- [Supplied data]

○ ○ ○ ○

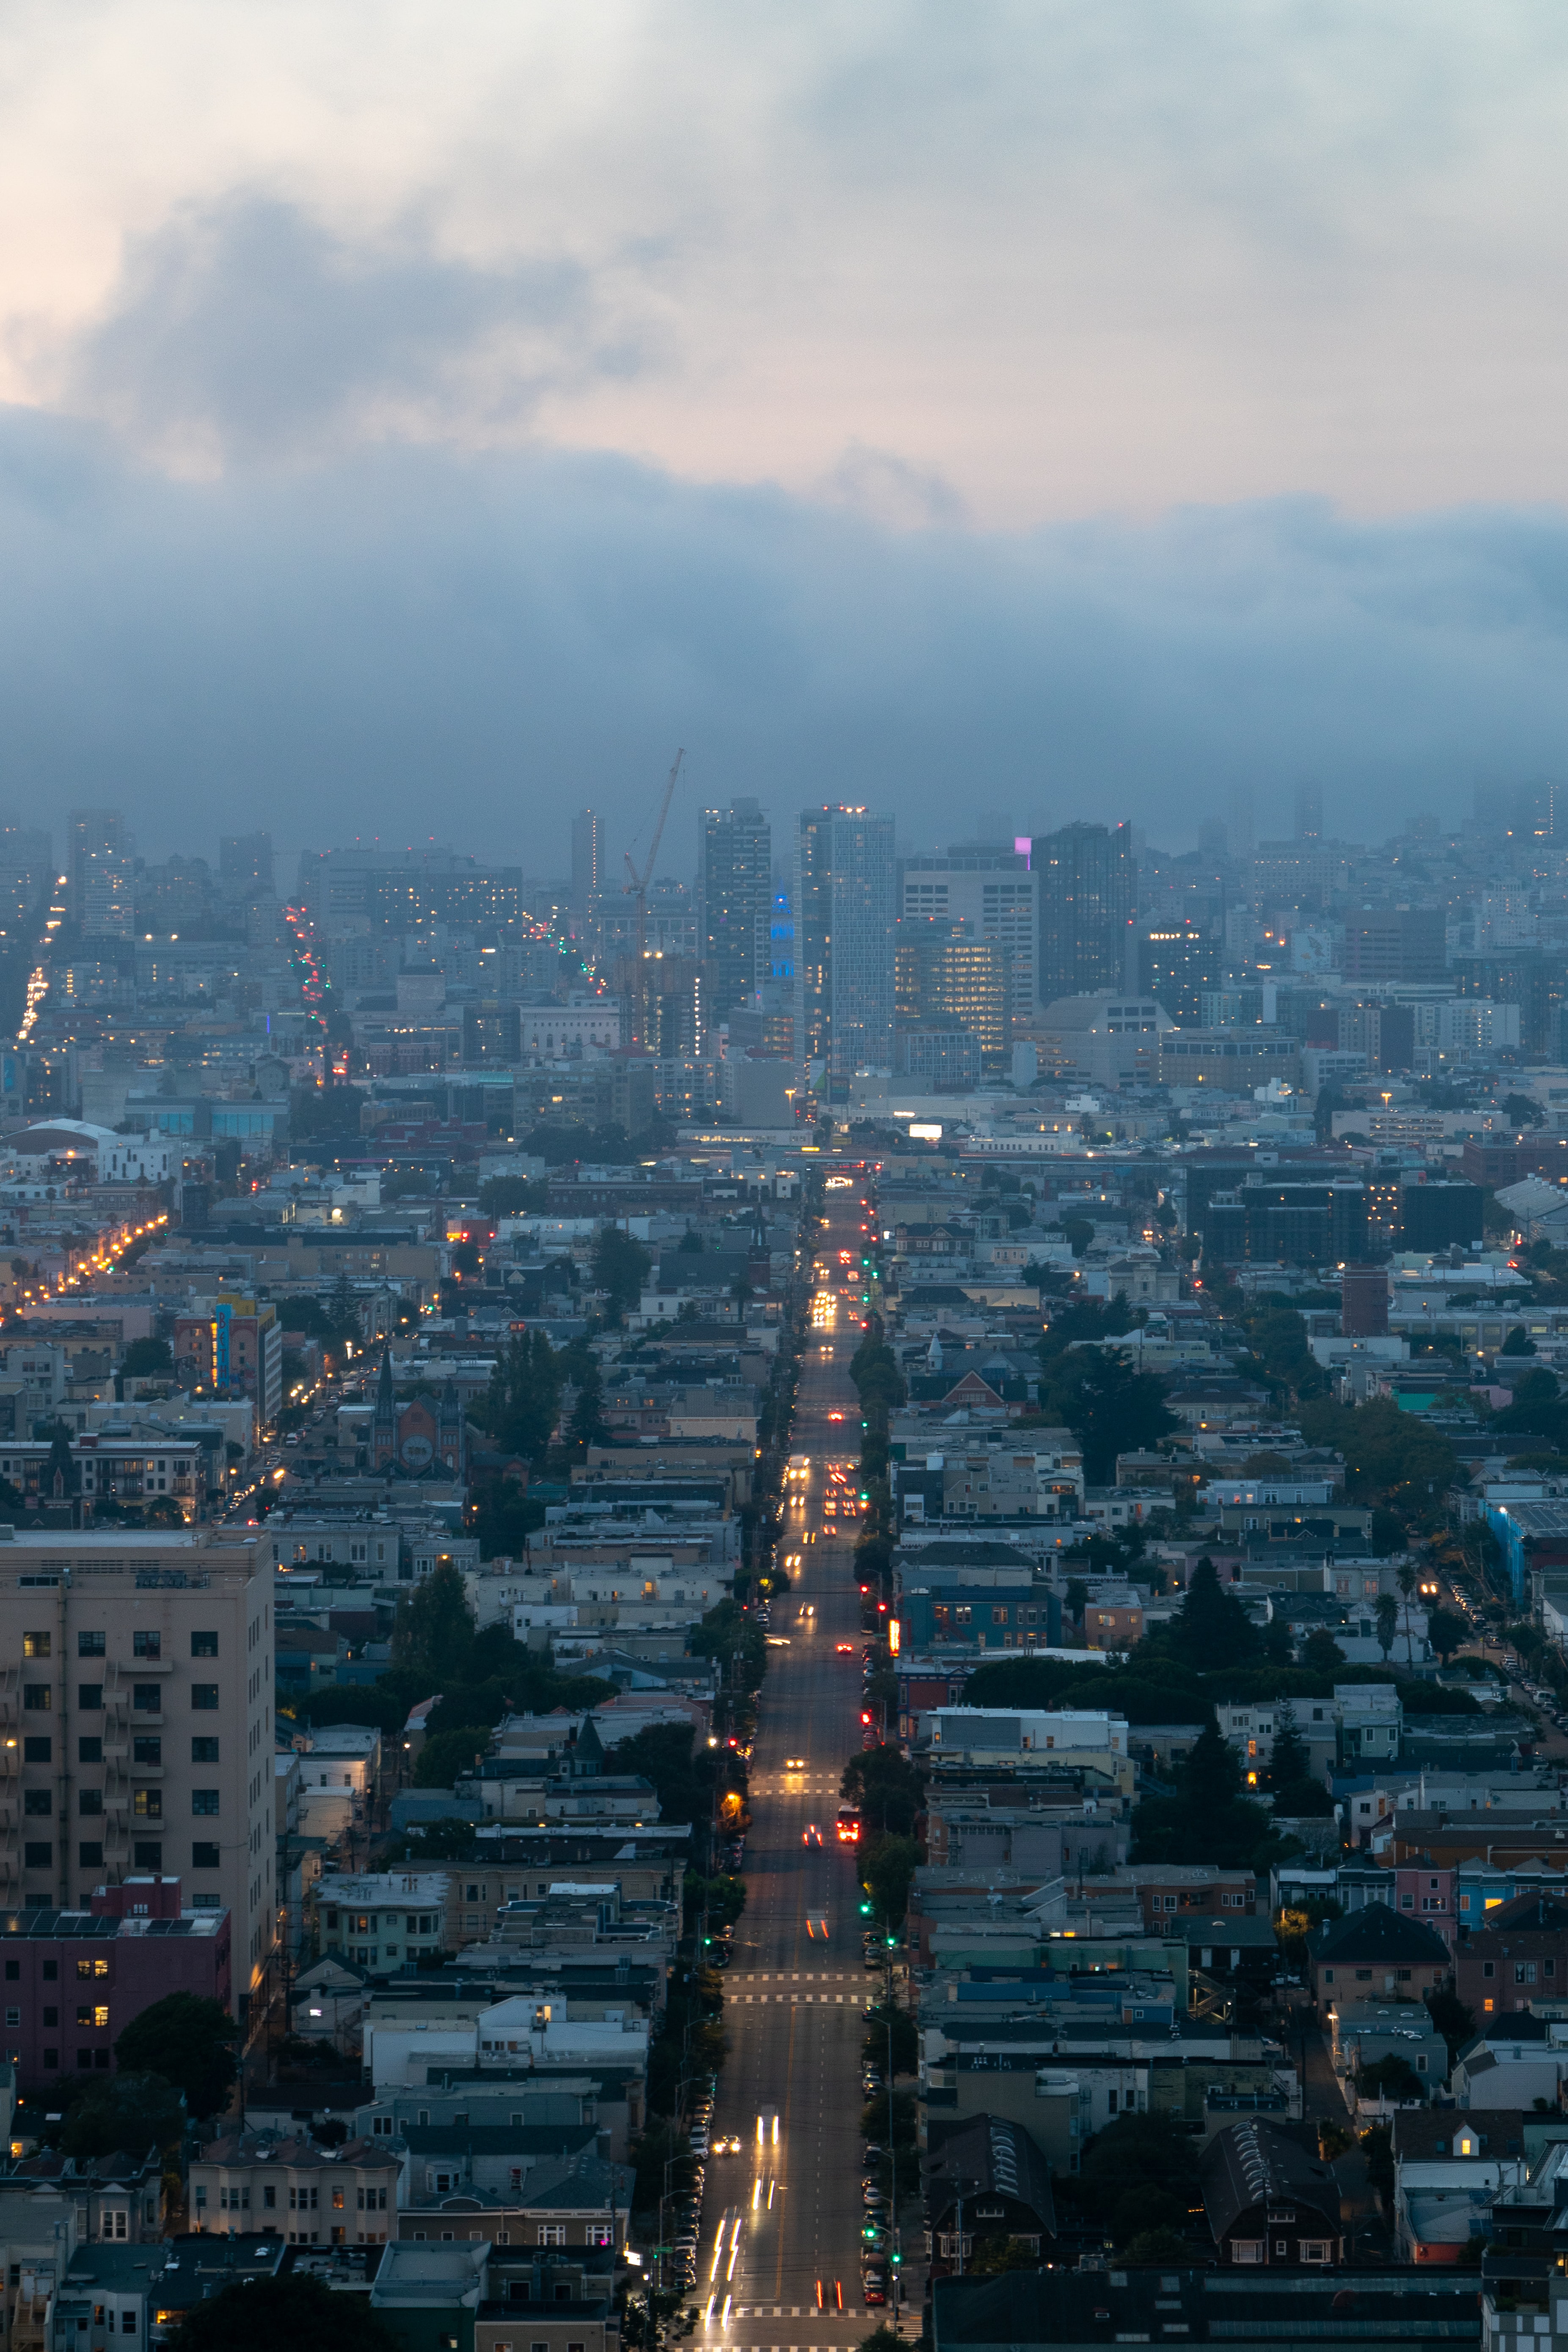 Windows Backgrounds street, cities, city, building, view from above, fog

○ ○ ○ ○

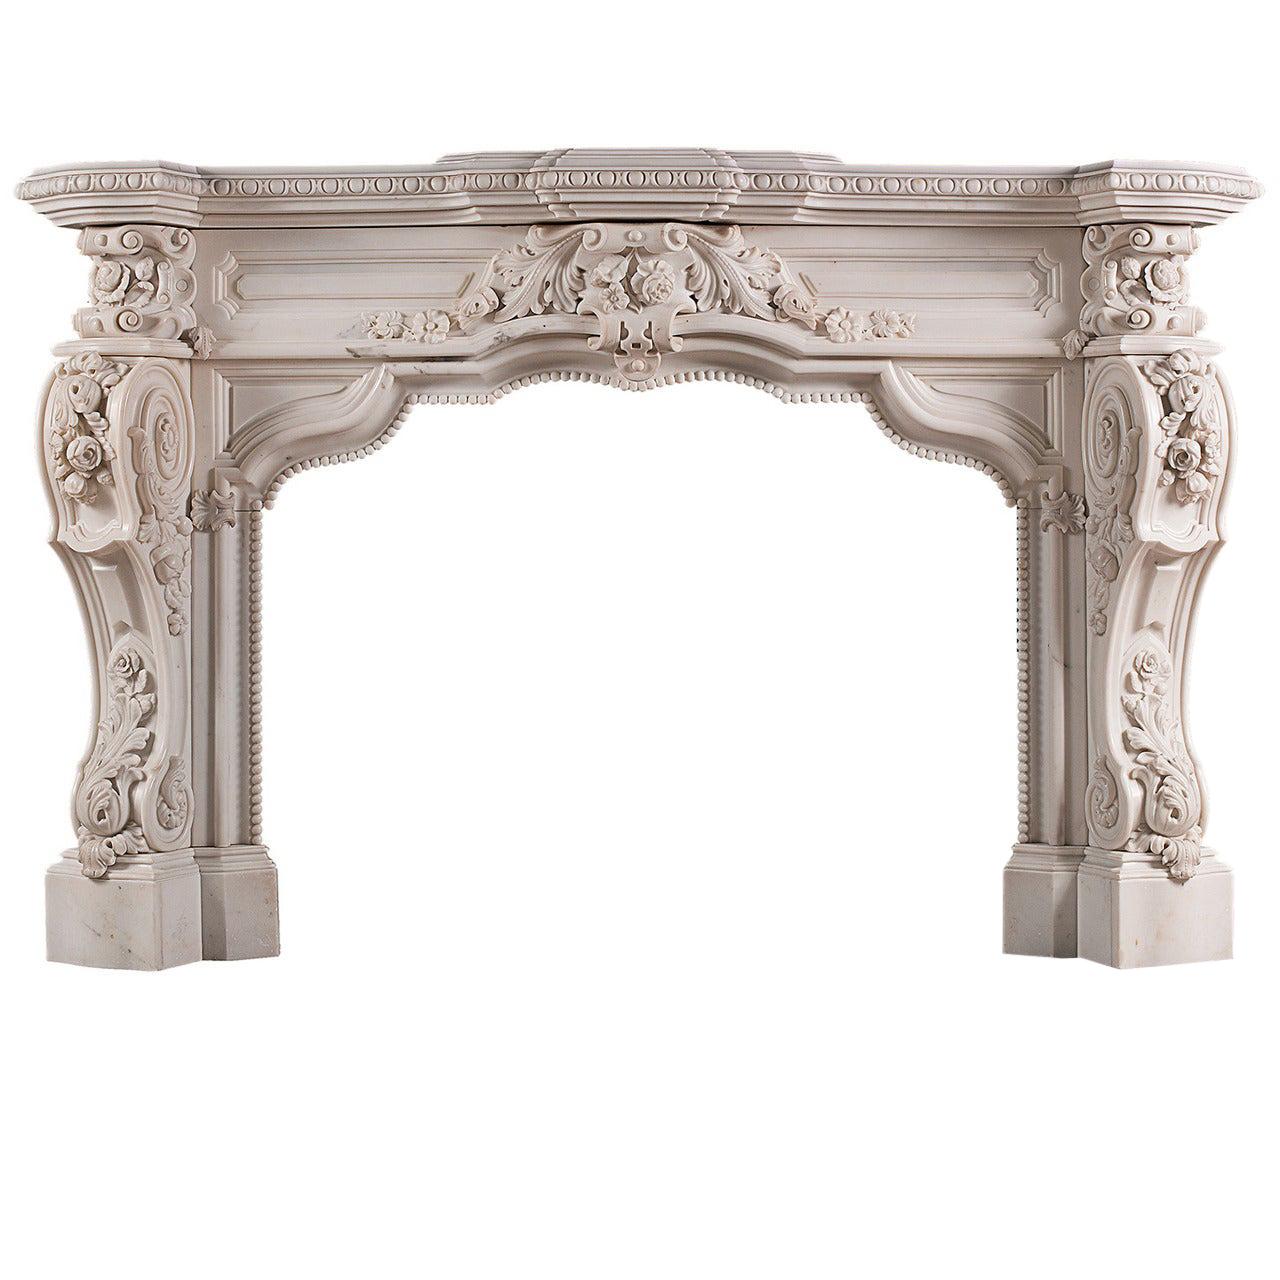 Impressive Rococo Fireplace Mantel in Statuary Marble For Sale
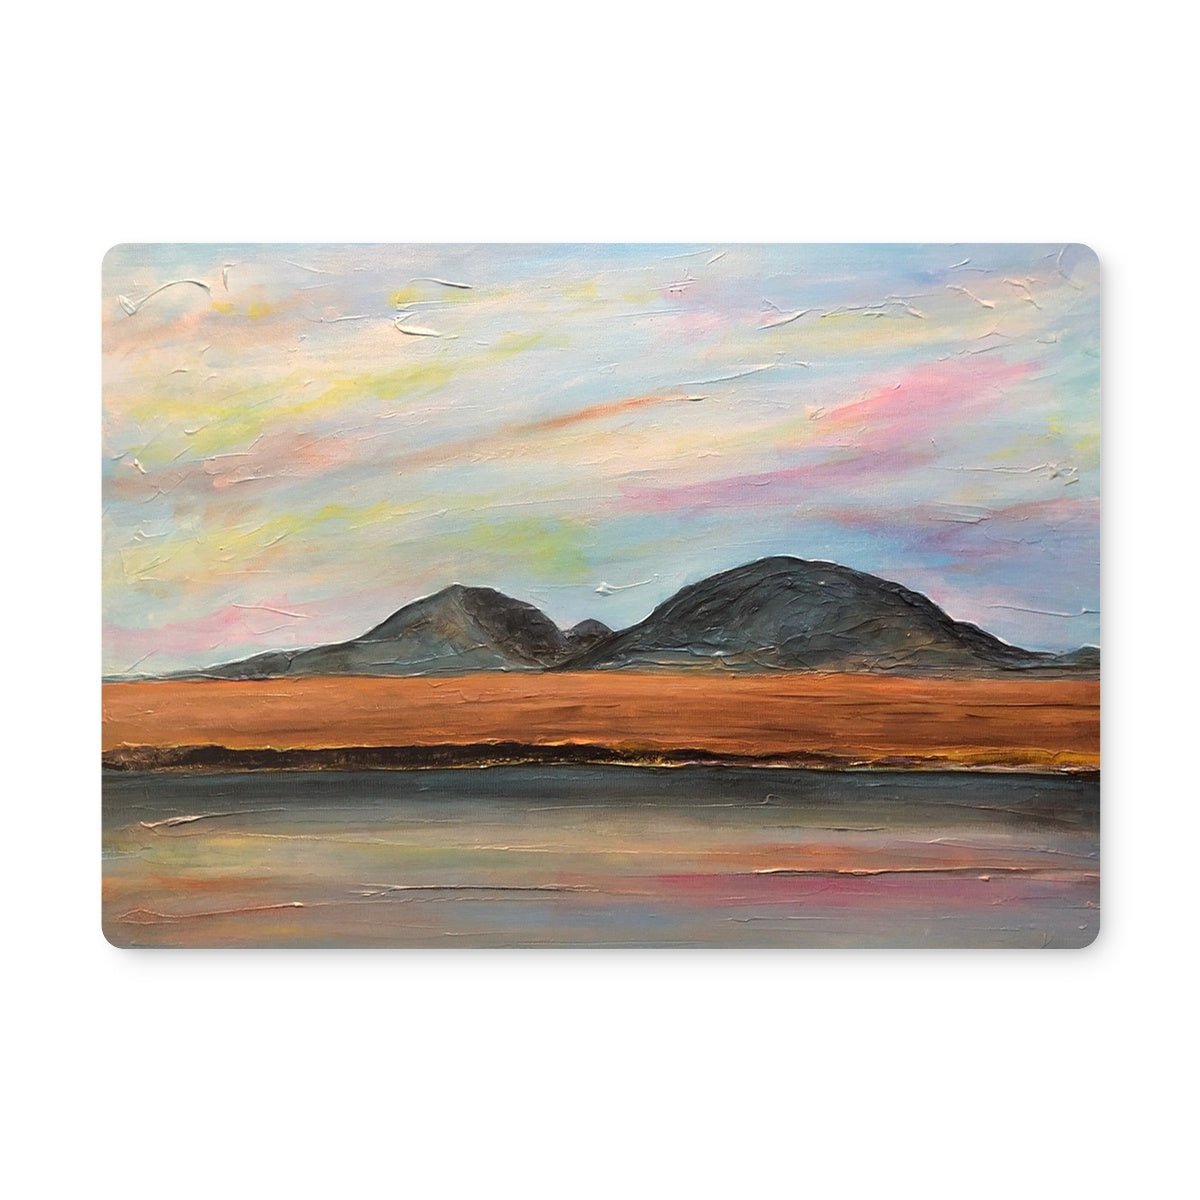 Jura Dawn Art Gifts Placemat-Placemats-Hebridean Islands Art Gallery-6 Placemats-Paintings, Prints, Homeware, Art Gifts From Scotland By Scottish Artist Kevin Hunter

○ ○ ○ ○

- [Exercise instructions]
Word for word, retype the lines in the entries above that run from the one with "Impressive Rococo Fireplace" through the one with "Jura Dawn Art". Both ends count; pictures do not.

- [Completed exercise]
 Impressive Rococo Fireplace Mantel in Statuary Marble For Sale
 Jura Dawn Art Gifts Placemat-Placemats-Hebridean Islands Art Gallery-6 Placemats-Paintings, Prints, Homeware, Art Gifts From Scotland By Scottish Artist Kevin Hunter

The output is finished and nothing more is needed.